Look in the material below for the line with "Young chimpanzee sits" and the line with "Solution:0.325555 as a fraction is 572/1757", then set down exactly those two lines and all lines between, nothing more.

Records supplied ▸
───
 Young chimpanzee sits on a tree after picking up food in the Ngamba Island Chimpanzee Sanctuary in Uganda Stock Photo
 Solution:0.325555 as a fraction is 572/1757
───
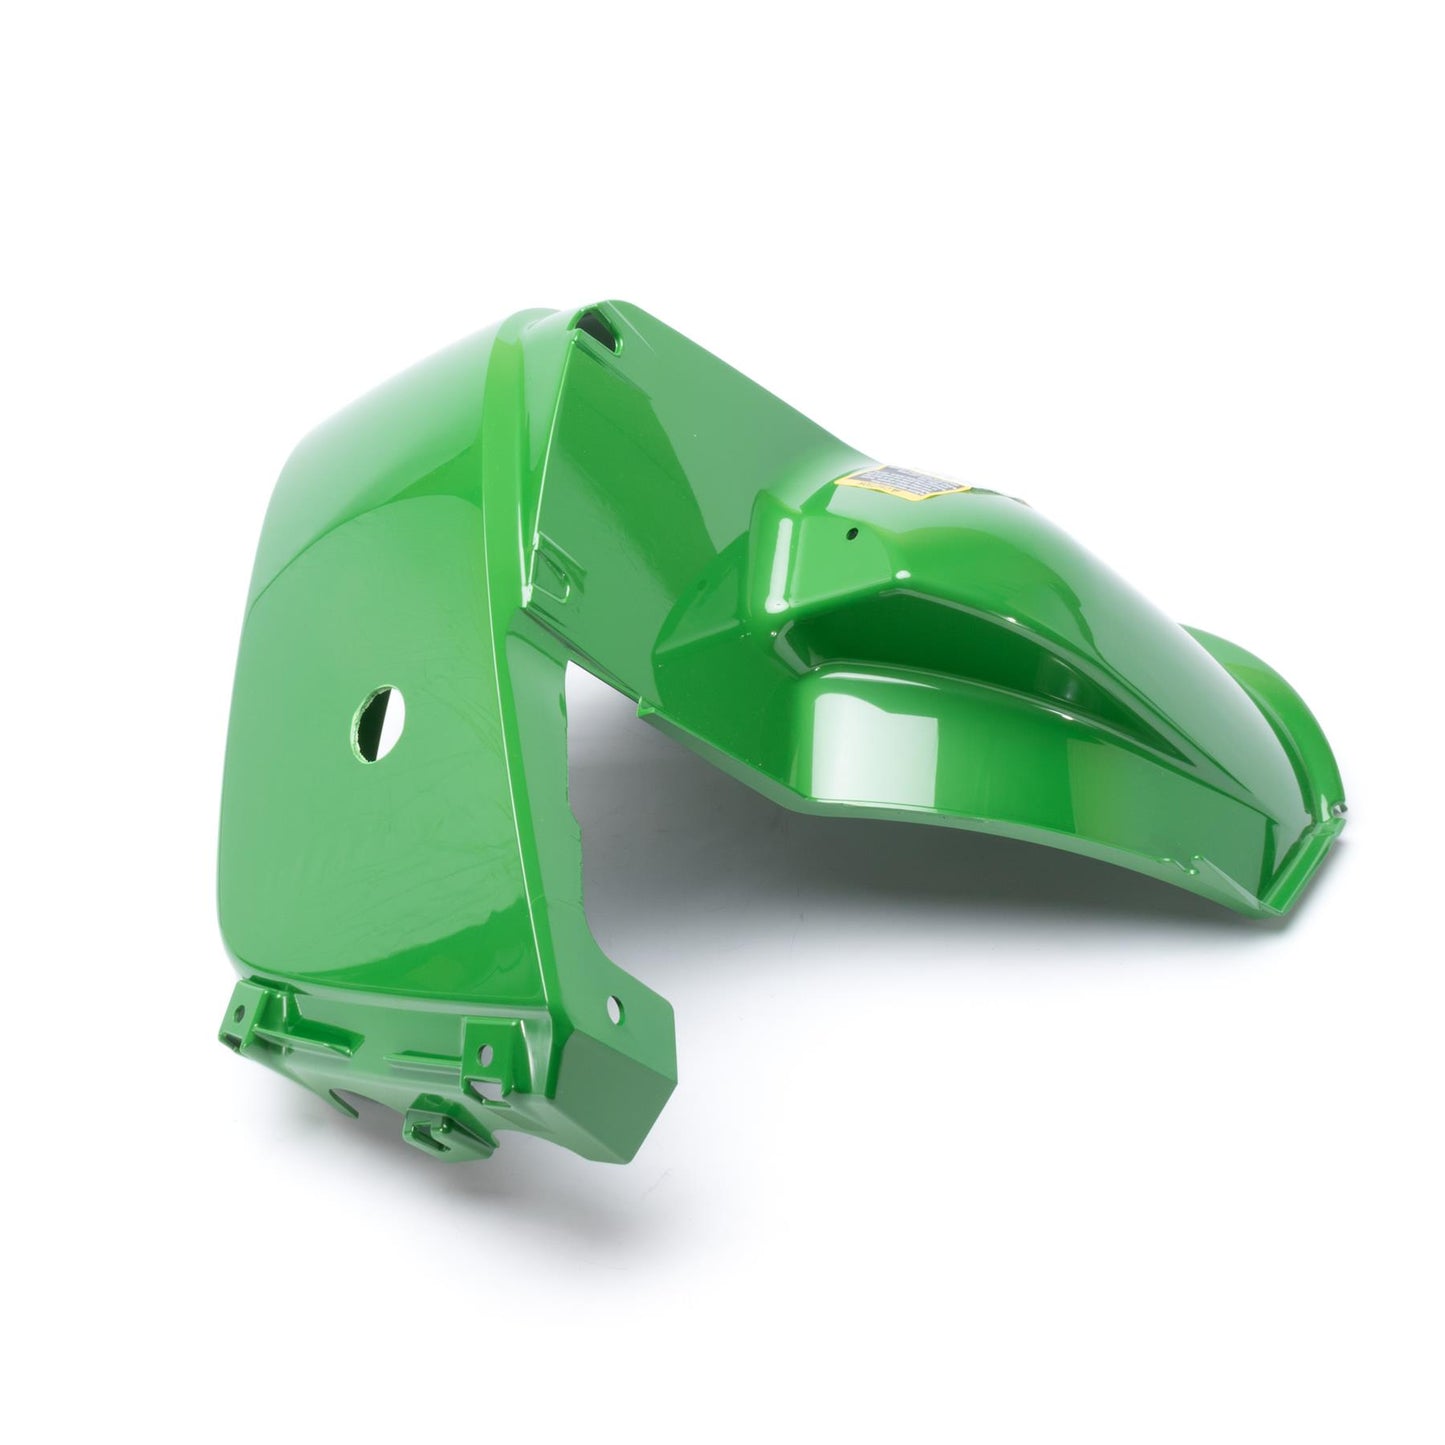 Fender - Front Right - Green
───
Exercise solution ▸
 Young chimpanzee sits on a tree after picking up food in the Ngamba Island Chimpanzee Sanctuary in Uganda Stock Photo
 Solution:0.325555 as a fraction is 572/1757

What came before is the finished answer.